• Data block
Segment Open

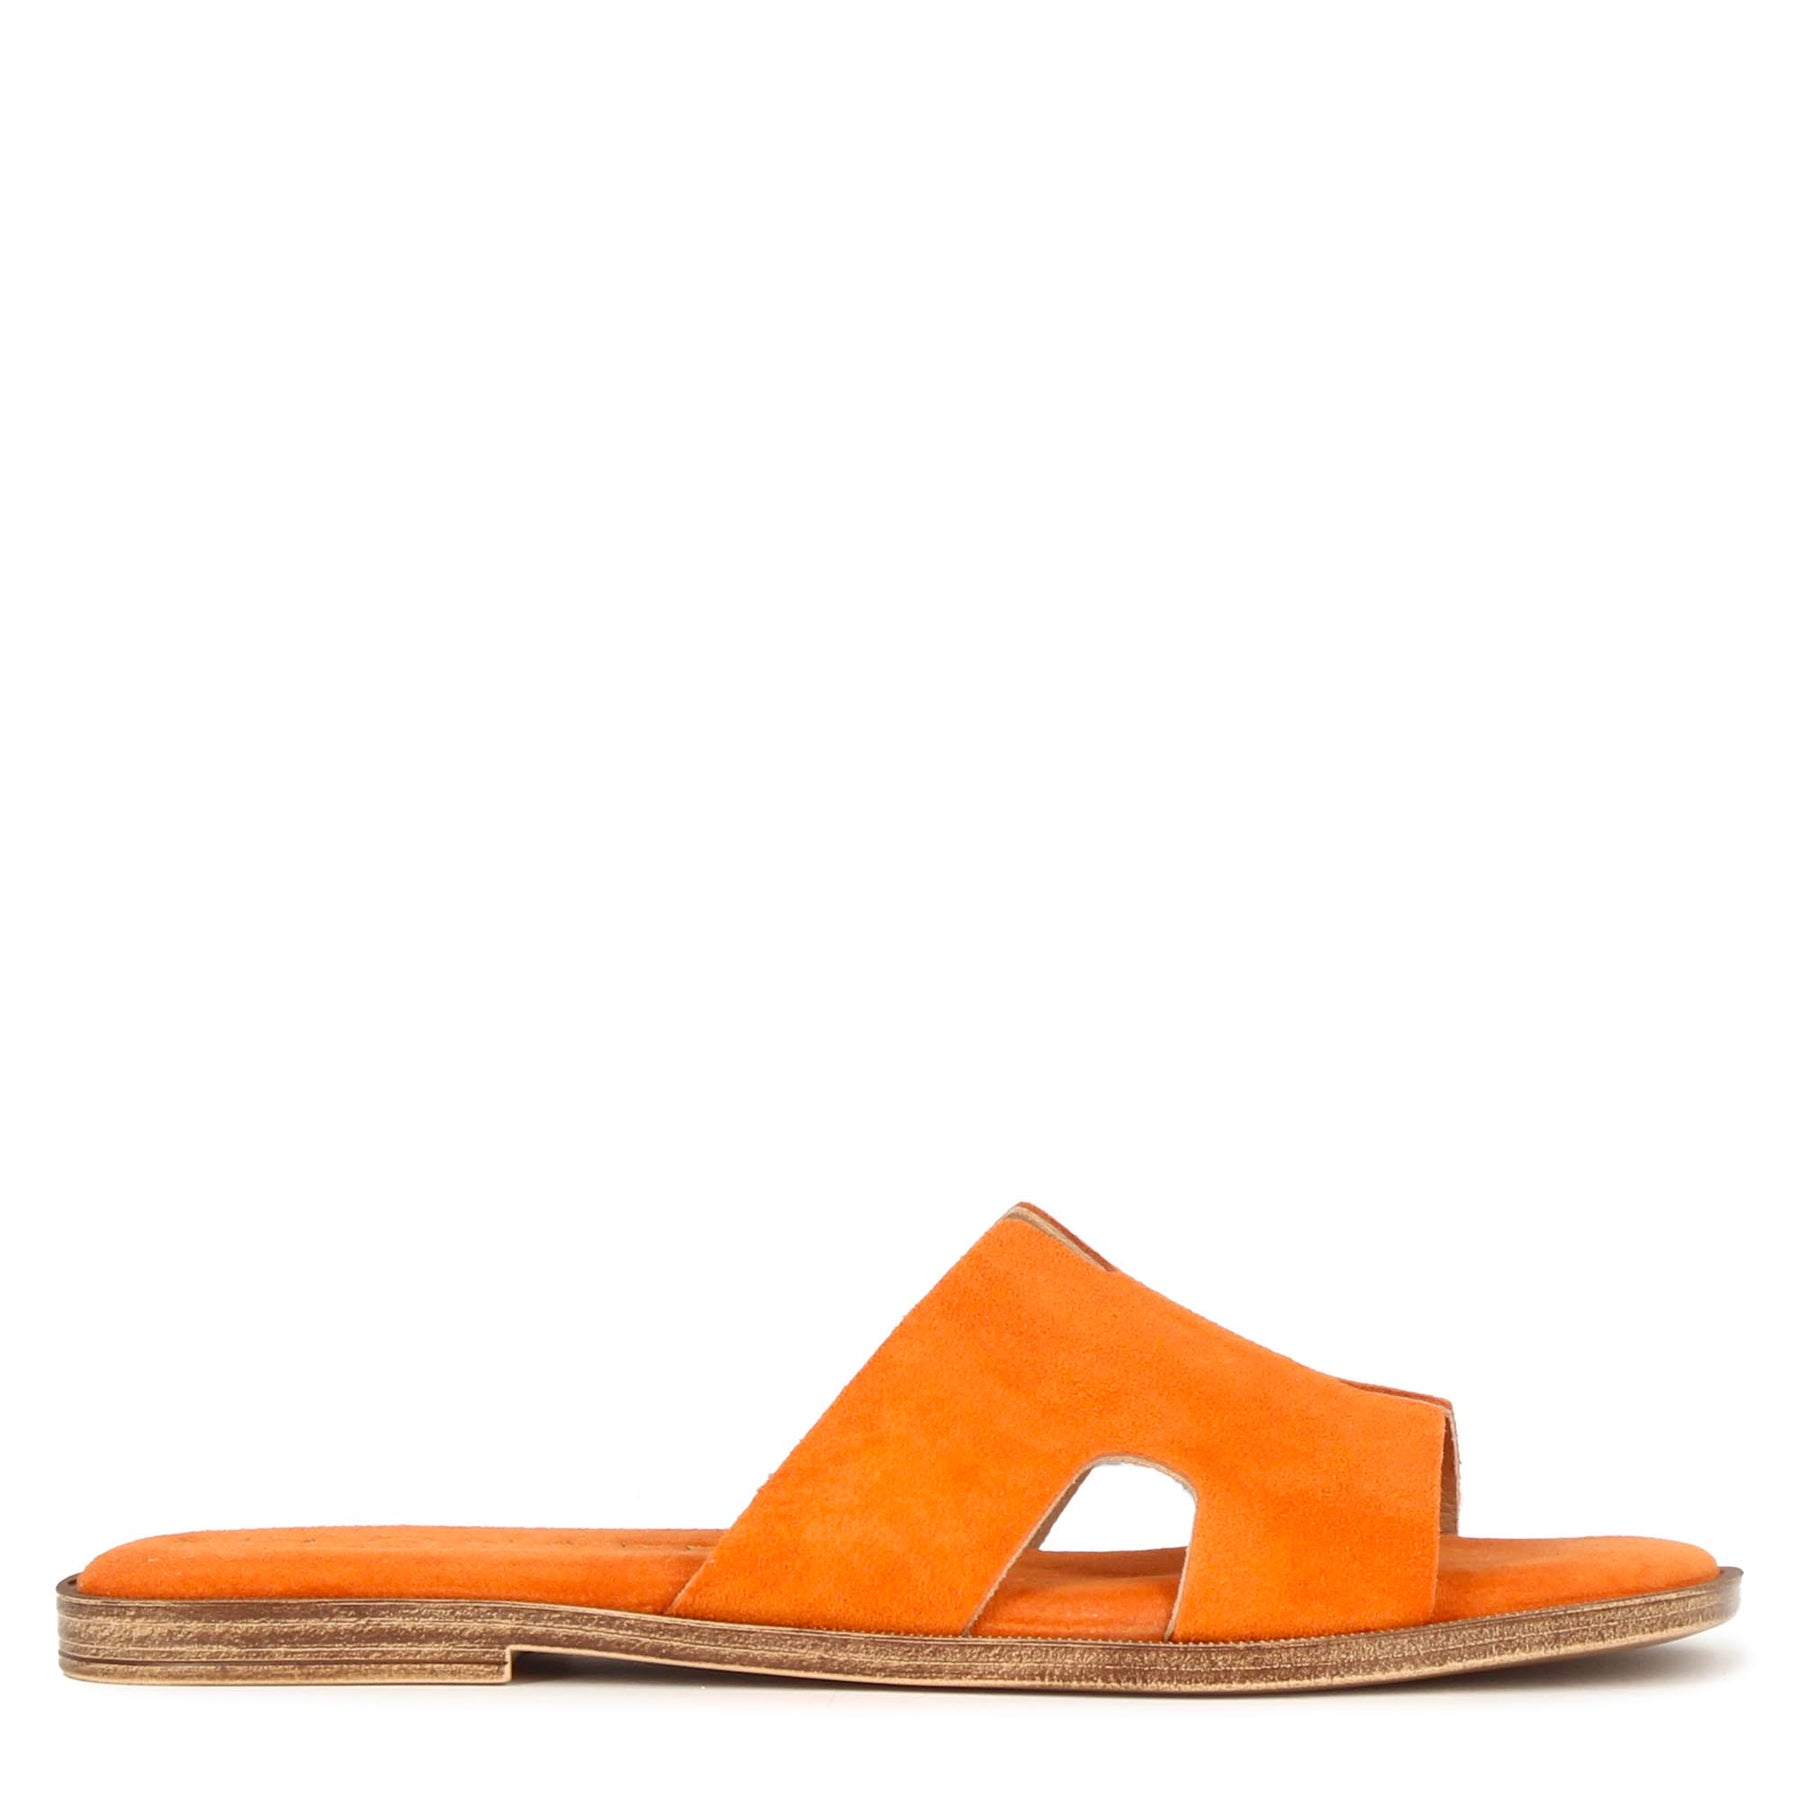 Women's orange suede slippers
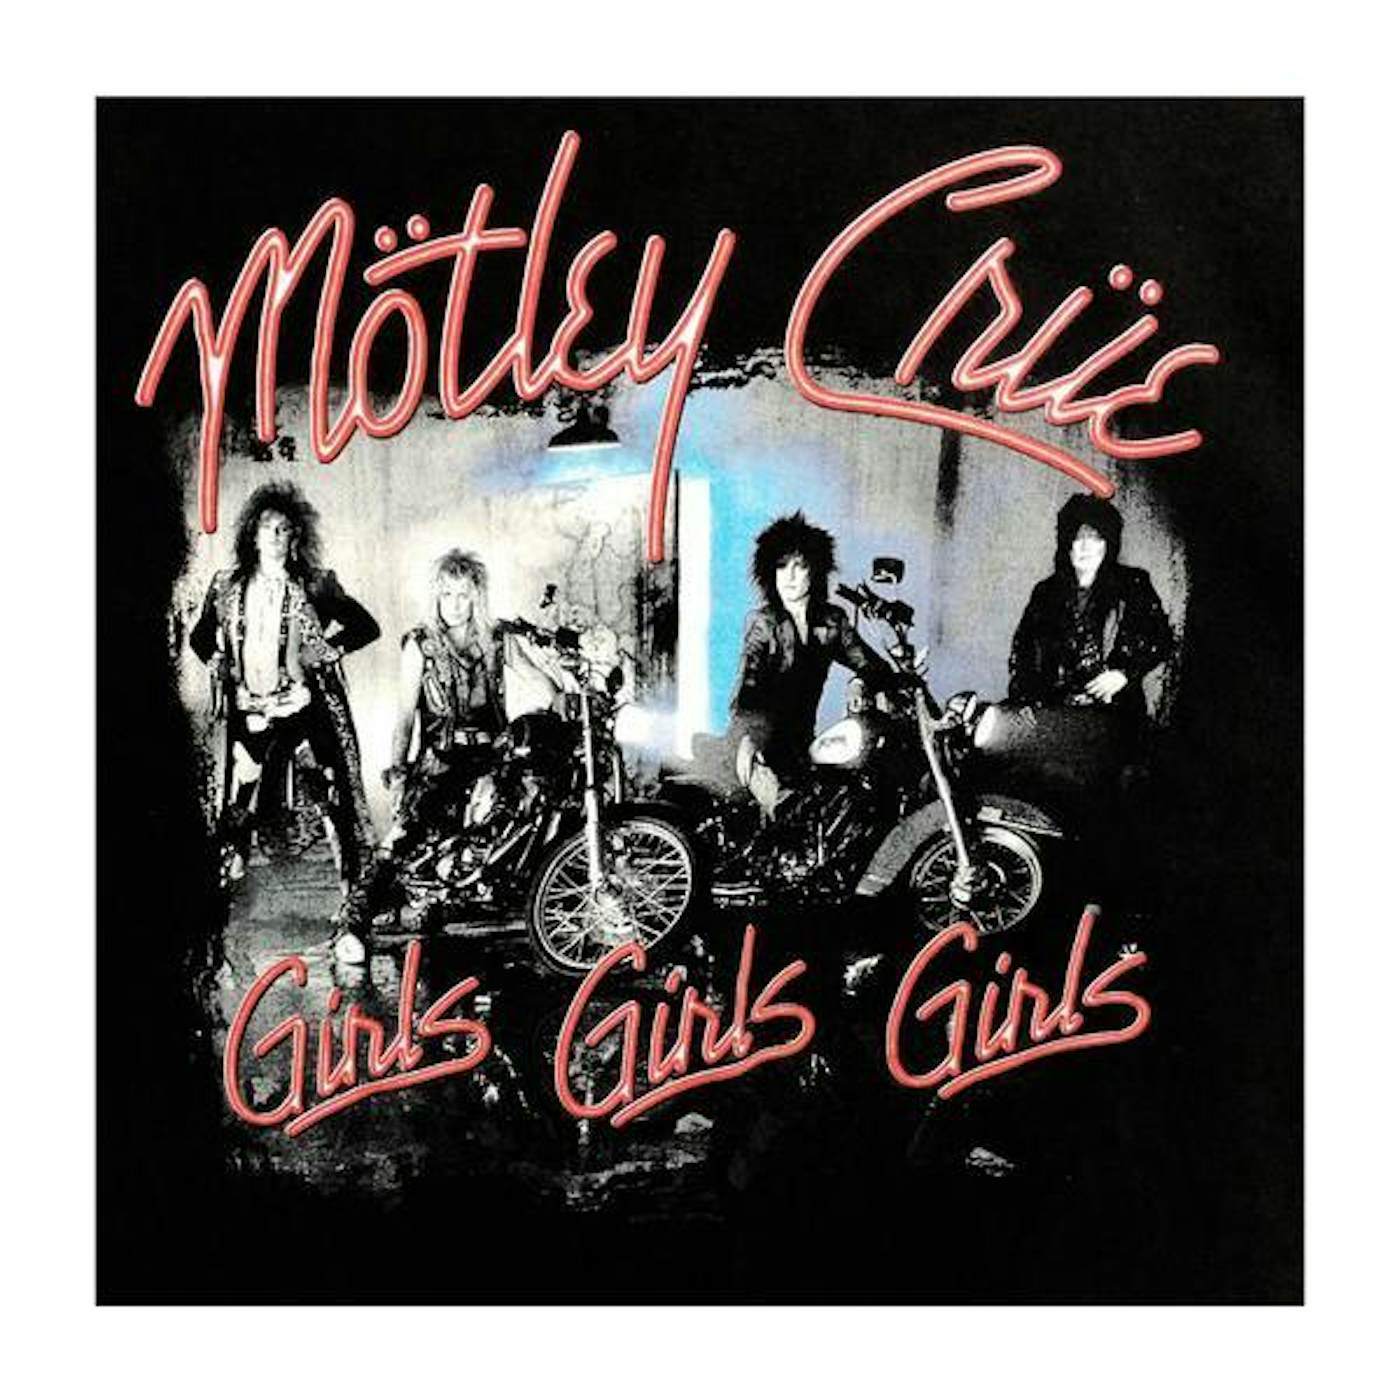 Mötley Crüe - 30 Years of Girls Girls Girls CD DVD
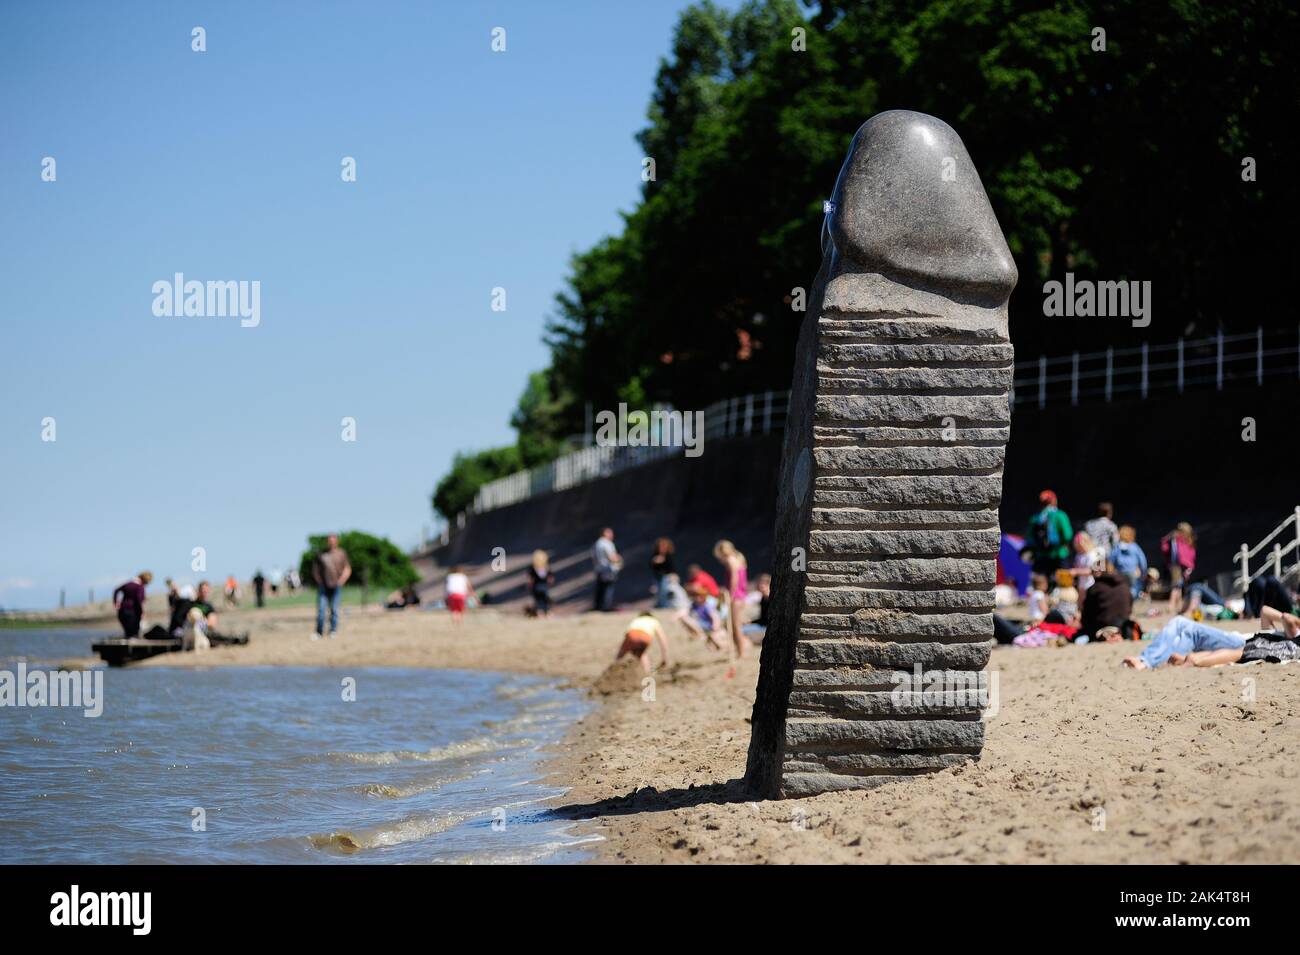 Dangast : Kunst am Meer, Skulptur 'Grenzstein' Eckart von Grenzer, Ostfriesland | conditions dans le monde entier Banque D'Images
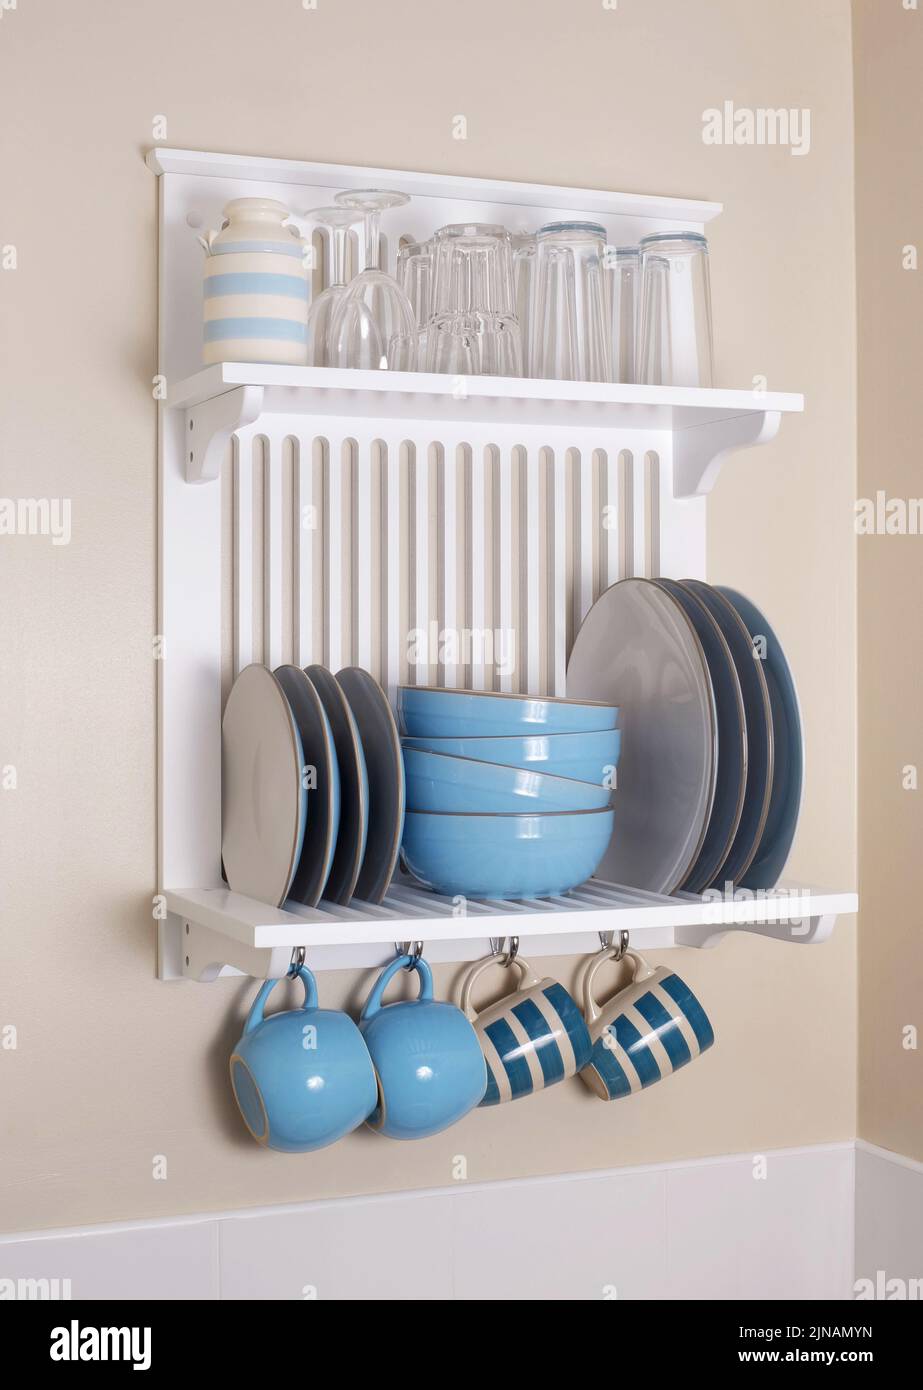 https://c8.alamy.com/comp/2JNAMYN/crockery-plate-rack-and-shelves-wall-mounted-on-kitchen-wall-2JNAMYN.jpg

Segment Closed

• Your goal
Transcribe the material as is, with images omitted.

• Response to this exercise
 Women's orange suede slippers
 Mötley Crüe - 30 Years of Girls Girls Girls CD DVD
 Dangast : Kunst am Meer, Skulptur 'Grenzstein' Eckart von Grenzer, Ostfriesland | conditions dans le monde entier Banque D'Images
 https://c8.alamy.com/comp/2JNAMYN/crockery-plate-rack-and-shelves-wall-mounted-on-kitchen-wall-2JNAMYN.jpg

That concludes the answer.